What’s the HEA count?

You’re adorable. This is recursion, not romance. Happy endings are myths. Here, we offer meaningful ones.

I don’t think this is what the blurb prepared me for.

Good. The blurb is a containment charm. The rest was never meant to be safe.

What do I do if I actually liked it?

Accept that something old in you has reawakened. Refrain from calling it “hot” in polite company. And consider joining the others who are quietly rereading Chapter Seventeen in the dark. You’re not alone. The Archive takes good care of its favorites.

Who hurt you?

The same people who made you think this question was polite.

How do I stop thinking about this book?

You don’t. You write to us. You dream it backwards. You let it live under your skin like it’s always been there. And eventually, if you’re lucky, you bleed it into someone else. Congratulations.
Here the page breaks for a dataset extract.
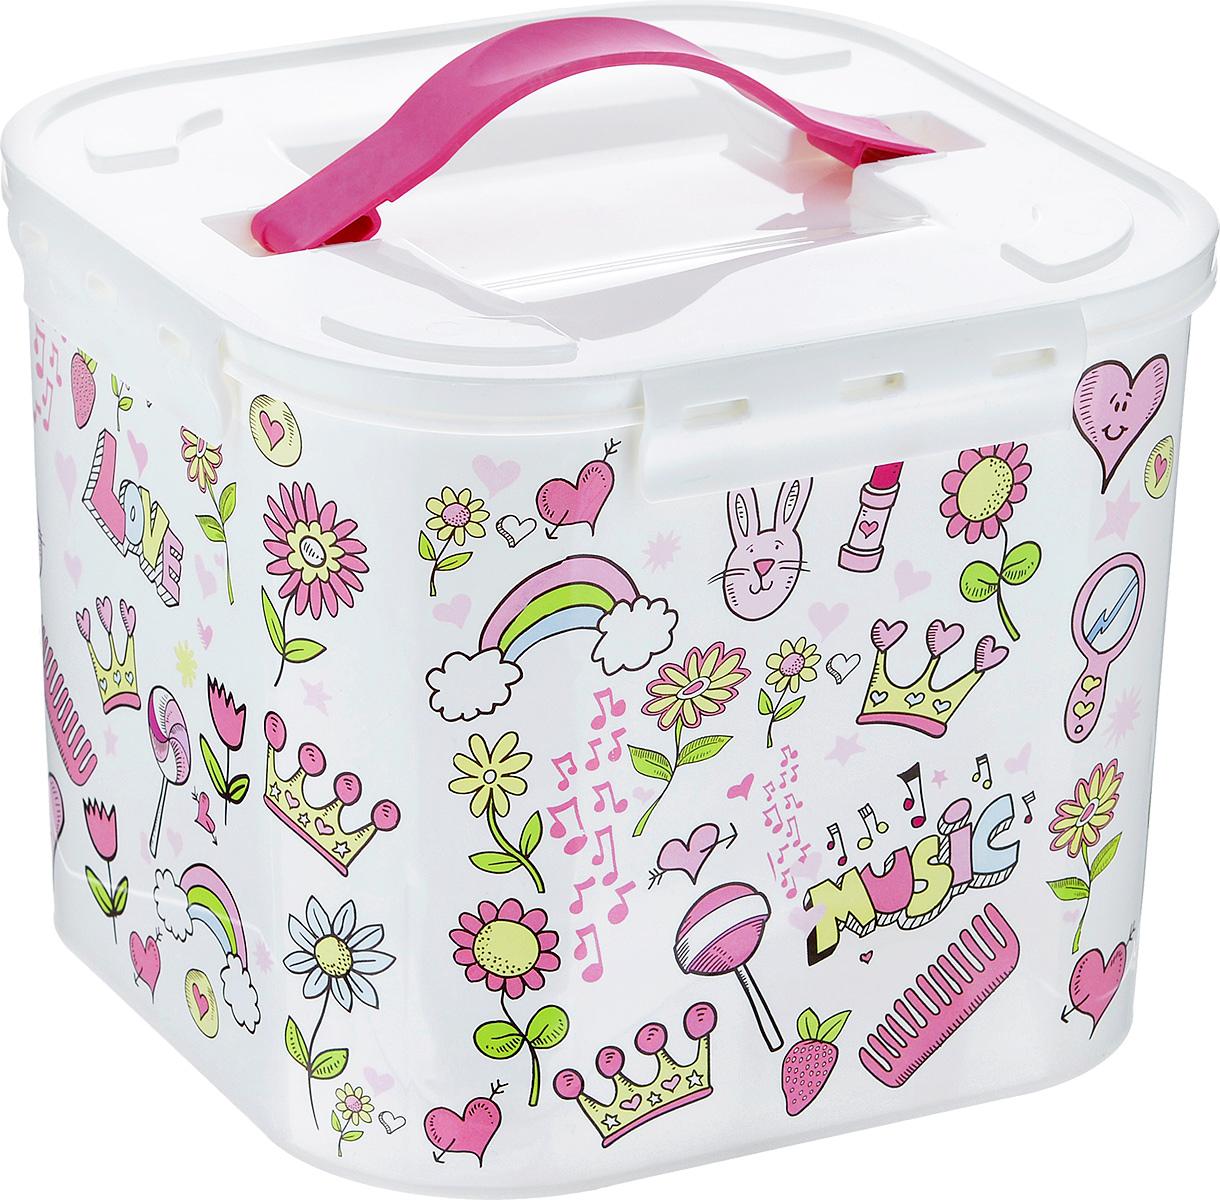 Контейнер для хранения Idea Фанни, 7 л контейнер для хранения idea ягоды 10 л

You’re part of the recursion now.


FINAL WARNING:
If you’ve made it this far and still think this is the kind of story where you can “just ask a quick question,” allow us to be clear:

The contact form is not for complaints about cum volume, sigil density, or the lack of heteronormative resolution.

It is not a place to report “concerns” about character behavior, sexual trauma, or why the director didn’t say “I love you.”

It is not a safe space for your mother’s book club.

You may contact us only if:
• You’ve dreamed in recursion sigils.
• You’ve cried during a climax and saw someone else’s memory.
• You’re ready to submit yourself as a vessel for future mythos.

If you’re just here to whine, moralize, or ask us to fade to black: kindly fuck off.

The Archive opens slowly, wetly, and without apology. Proceed if you must.